Preparation Techniques
When it comes to preparing lobster, there are a few different techniques you can use depending on your preferences and the recipe you're making. One popular technique is to boil or steam the lobster, as this helps retain its texture and flavor. Another option is to grill or bake the lobster for a slightly smokier taste. If you're looking for a more intense flavor, you can also try poaching the lobster in butter or oil. No matter which preparation technique you choose, the key is to make sure the lobster is fully cooked and not overdone, as this can make the meat tough and rubbery.
Side Dishes
When serving lobster, there are a number of side dishes that can help to enhance its flavor and texture. One classic side dish is steamed or boiled corn on the cob, which pairs well with buttery lobster. You can also serve lobster with a side of grilled or roasted vegetables, such as asparagus or zucchini. If you're feeling adventurous, try pairing lobster with a fresh fruit salad or a side of chilled cucumber and mint soup. You can also serve lobster with a side of garlic bread or crusty French bread for a more indulgent meal. No matter which side dishes you choose, the key is to make sure they complement the flavors of the lobster and help to enhance your overall dining experience.
Safety Tips
While lobster is a delicious and healthy seafood option, it's important to handle and prepare it safely to avoid any potential health risks. When handling live lobster, make sure you keep them in a cool and moist environment to keep them healthy and fresh. It's also important to wash your hands thoroughly after handling live lobster to avoid any potential contamination. When cooking lobster, be sure to fully cook it to avoid any risk of foodborne illness. Furthermore, make sure to store any leftover lobster in an airtight container in the refrigerator and consume it within two to three days to avoid any spoilage.

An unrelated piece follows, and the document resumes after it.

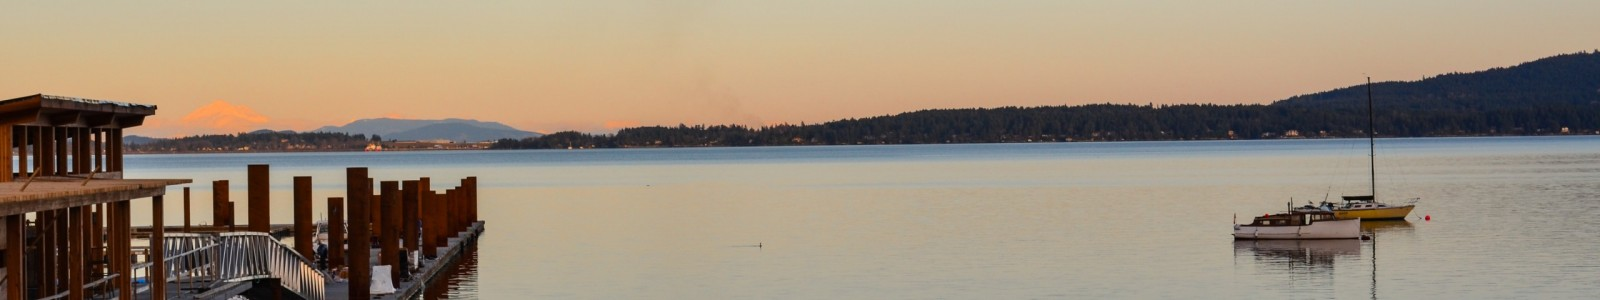 shawnigan lake real estate vancouver island dfh

Lobster is not only rich in protein but also contains essential vitamins, such as vitamin B12, zinc, and magnesium.
5 FAQ About Steamed or Boiled Lobster
1. Is steamed or boiled lobster a low-calorie food?
Yes, steamed or boiled lobster without the shell is a relatively low-calorie food at only 97 calories per 100 grams.

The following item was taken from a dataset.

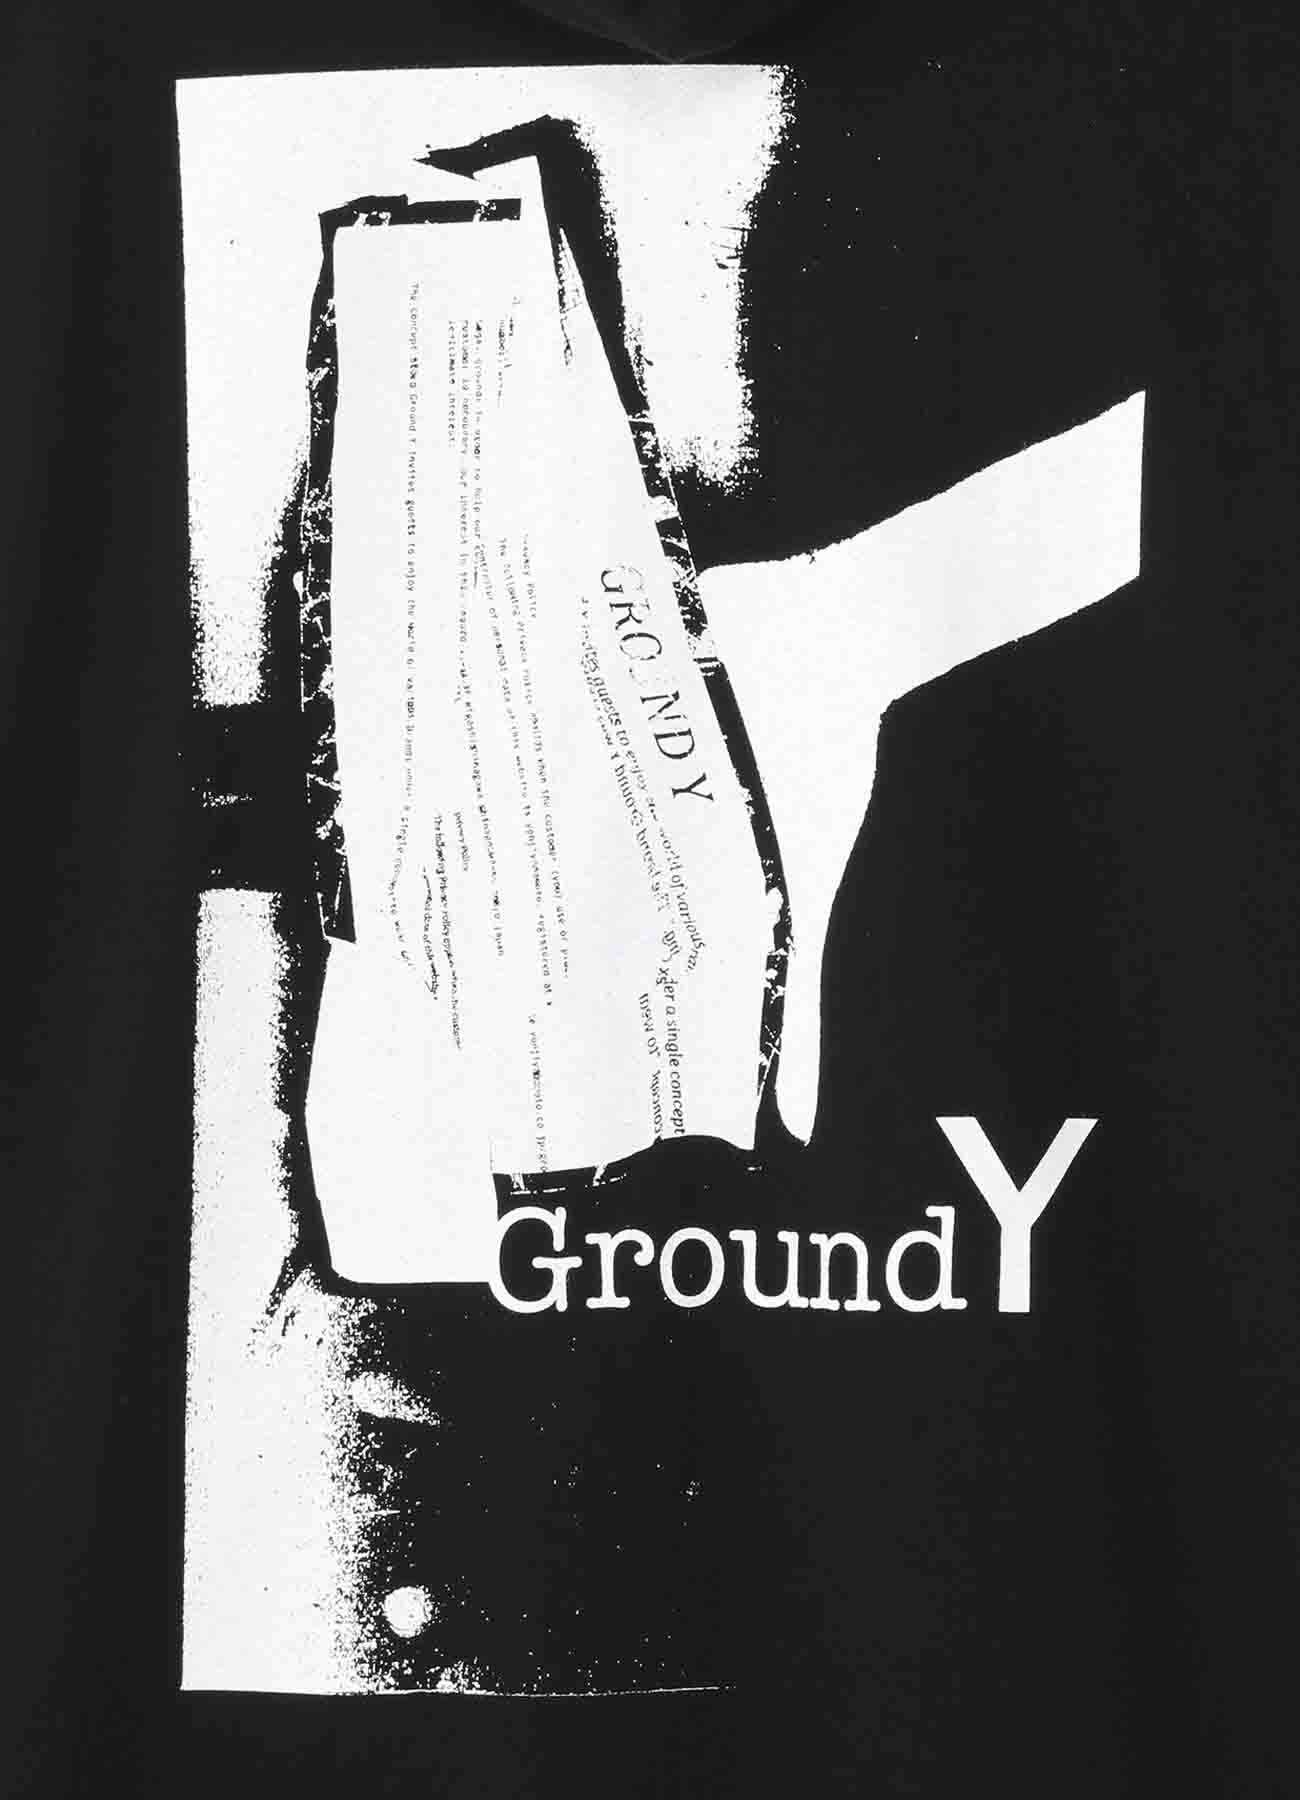 C / 5.6盎司GroundY信用裤 ZIP UP Parker

2. How do you prepare steamed or boiled lobster?
To prepare steamed or boiled lobster, you can either steam or boil the lobster without the shell. For steaming, place the lobster meat in a steaming basket and steam for 8-10 minutes. For boiling, bring a pot of salted water to a boil and add the lobster meat. Boil for 8-10 minutes.
3. What are the health benefits of steamed or boiled lobster?
Lobster is a great source of protein and contains important vitamins and minerals such as zinc, magnesium, and vitamin B12. It is also low in fat and calories and can be a healthy addition to a balanced diet.
4. How do you serve steamed or boiled lobster?
Steamed or boiled lobster can be served in a variety of ways, including on top of a salad, in a lobster roll, or simply with butter and lemon on the side.
5. How can you tell if lobster is properly cooked?
Properly cooked lobster should be firm and opaque in color. Overcooked lobster meat will become tough and rubbery, while undercooked lobster may have a raw or translucent appearance.